When I was 15 (1985) if you'd told me that I was writing a weekly column for the Sunday Chicago Tribune (as I've been doing for over a decade) I would've assumed that was my "job" and it would be how I make my living. I'm grateful for the space to write there, but the money is just one of the blocks that I need to fit together to make an income. That labor is worth maybe 1/5th of of what it was paid in the past. I guess the question to keep wrestling with is how to make that labor something that brings in income that allows that labor to continue. For pretty much the entirety of my career, that mechanism has only been degrading, with a few stopgaps (like Substack) that allow a handful of people to rescue themselves, but which don't arrest the larger fall.

Expand full comment

It does seem like we are experiencing the "best of the worst" here.
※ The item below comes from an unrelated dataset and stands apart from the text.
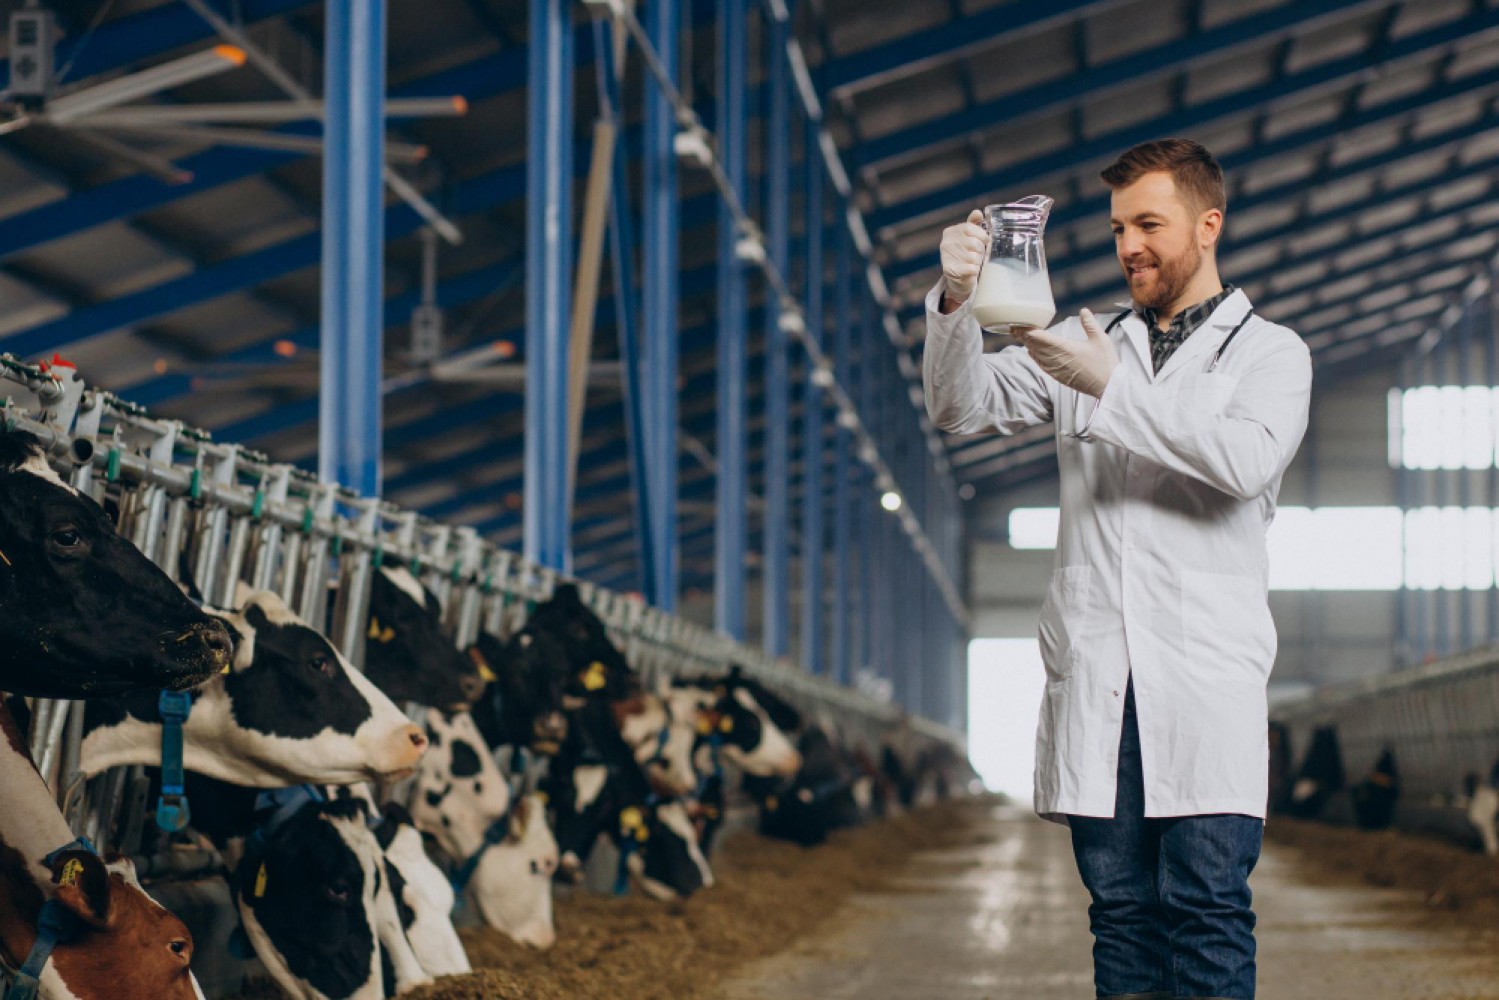 Актинизация молока — передовой метод обработки, способствующий улучшению качества продукции в молочной промышленности. Статья подробно освещает технологию, оборудование и выгоды данного процесса.

Let me know if you make any progress on that time machine, though! Writing professionally 30 years ago sounds amazing.

30 years ago, I was 18, and I was self-publishing everything: zines, music, you name it. My reach was tiny and my content was lousy, but it got better over the ensuing decades.

Unfortunately, I think I'm only just now beginning to make work worthy of pay, and now the competitive landscape is brutal. That being said, I am all right with steady income from a variety of sources. That's the message the universe has pounded into my brain as much as any other over the last several decades: thou shalt have multiple income streams.